In the above example, we’re assuming that the distribution matches a standard distribution, but your data may be different. In that case, you should apply the findings of Chebyshev’s inequality to determine the threshold to use.

Conclusion

Hopefully this article provided some insight into how to perform basic anomaly detection using some of Splunk’s built-in SPL commands. It should also give you an idea of what thresholds to use to determine what constitutes an anomaly. Happy Splunking!

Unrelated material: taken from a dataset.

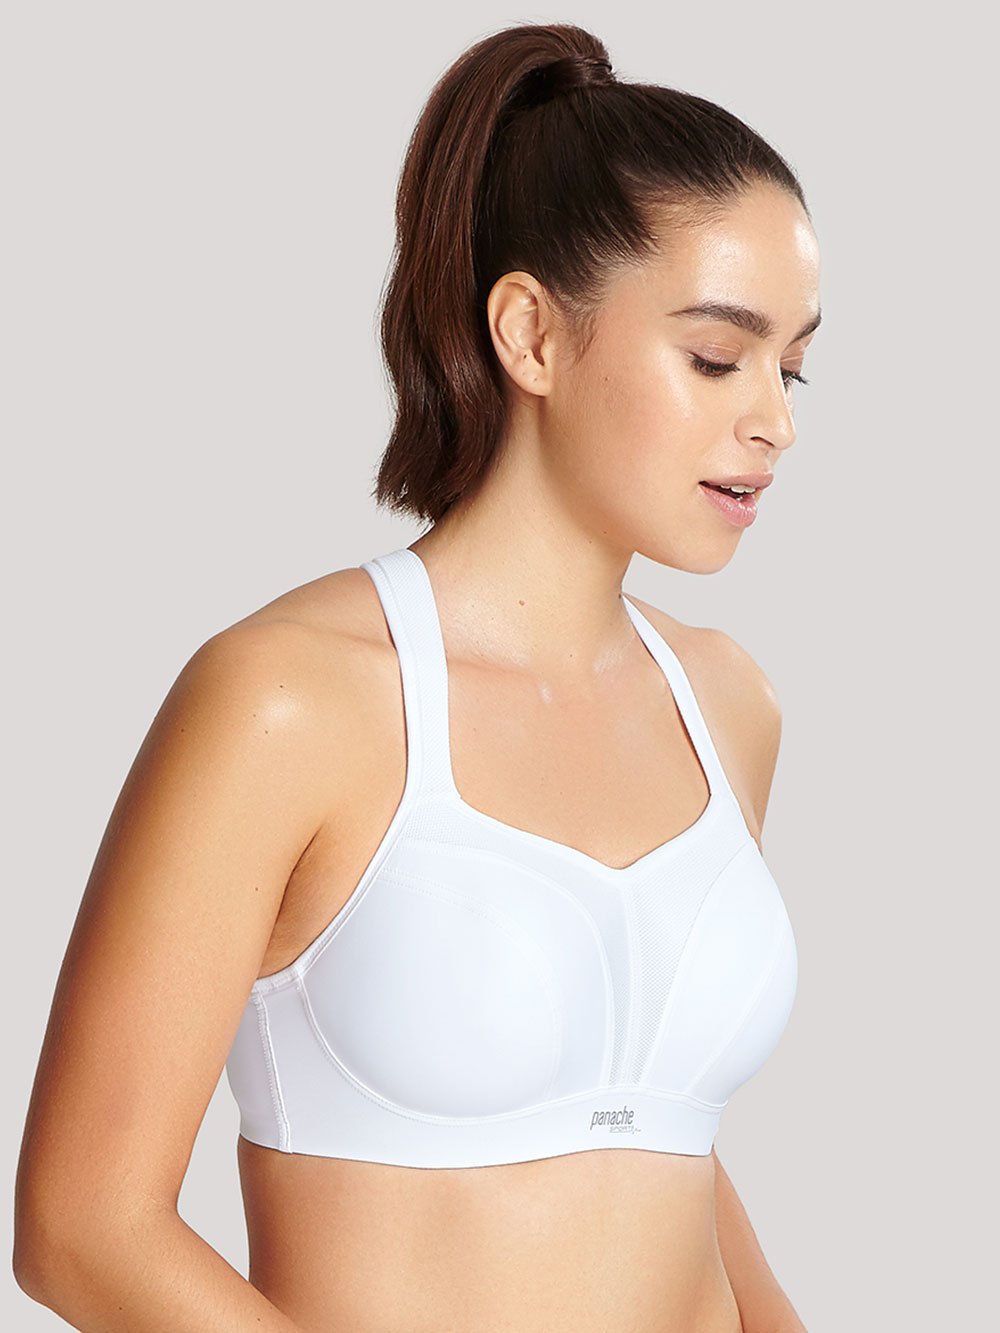 White push up sports bra add one cup size  Fashion, Most comfortable bra,  Hot pink sports bra
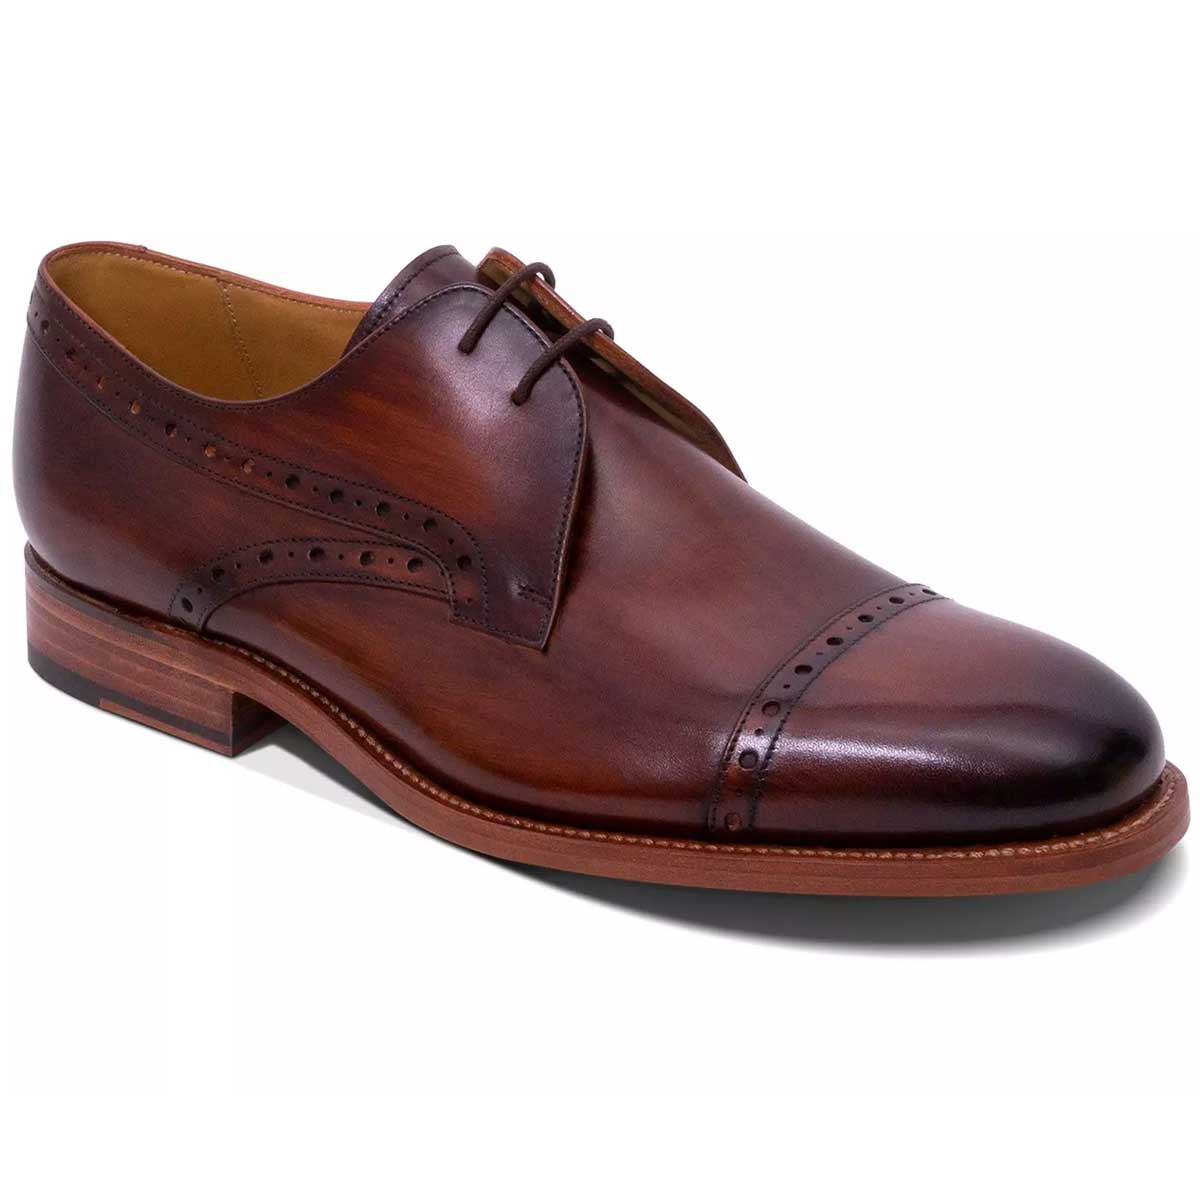 BARKER Wye Shoes - Mens Derby - Hand Brushed Brown

Using Stats in Splunk Part 1: Basic Anomaly Detection (2024)

References

Top Articles
Dexknows Find A Person
Courtney Miller (comedian) - Wikitia
#ridwork guides | fountainpenguin
Bj 사슴이 분수
Skycurve Replacement Mat
Login Page
Angela Babicz Leak
Kaydengodly
Exam With A Social Studies Section Crossword
Txtvrfy Sheridan Wy
America Cuevas Desnuda
Sportsman Warehouse Cda
Aiken County government, school officials promote penny tax in North Augusta
King Fields Mortuary
Mikayla Campino Video Twitter: Unveiling the Viral Sensation and Its Impact on Social Media
Dark Souls 2 Soft Cap
Items/Tm/Hm cheats for Pokemon FireRed on GBA
Dusk
My.doculivery.com/Crowncork
Leeks — A Dirty Little Secret (Ingredient)
Gemita Alvarez Desnuda
Sussyclassroom
Best Transmission Service Margate
Panola County Busted Newspaper
2021 MTV Video Music Awards: See the Complete List of Nominees - E! Online
fft - Fast Fourier transform
Jailfunds Send Message
100 Gorgeous Princess Names: With Inspiring Meanings
Gncc Live Timing And Scoring
Imagetrend Elite Delaware
Salemhex ticket show3
Used Safari Condo Alto R1723 For Sale
Craigslist Free Puppy
Prima Healthcare Columbiana Ohio
Unity Webgl Player Drift Hunters
Best Workers Compensation Lawyer Hill & Moin
Boggle BrainBusters: Find 7 States | BOOMER Magazine
Aurora Il Back Pages
Union Corners Obgyn
Panorama Charter Portal
Gfs Ordering Online
10 Rarest and Most Valuable Milk Glass Pieces: Value Guide
Best Restaurants West Bend
Uc Davis Tech Management Minor
Ucla Basketball Bruinzone
Caesars Rewards Loyalty Program Review [Previously Total Rewards]
Craiglist.nj
Is TinyZone TV Safe?
10 Bedroom Airbnb Kissimmee Fl
Puss In Boots: The Last Wish Showtimes Near Valdosta Cinemas
Tweedehands camper te koop - camper occasion kopen
Basic requirements | UC Admissions
Latest Posts
Article information

Author: Gov. Deandrea McKenzie

Last Updated:

Views: 5397

Rating: 4.6 / 5 (46 voted)

Reviews: 85% of readers found this page helpful

Author information

Name: Gov. Deandrea McKenzie

Birthday: 2001-01-17

Address: Suite 769 2454 Marsha Coves, Debbieton, MS 95002

Phone: +813077629322

Job: Real-Estate Executive

Hobby: Archery, Metal detecting, Kitesurfing, Genealogy, Kitesurfing, Calligraphy, Roller skating

Introduction: My name is Gov. Deandrea McKenzie, I am a spotless, clean, glamorous, sparkling, adventurous, nice, brainy person who loves writing and wants to share my knowledge and understanding with you.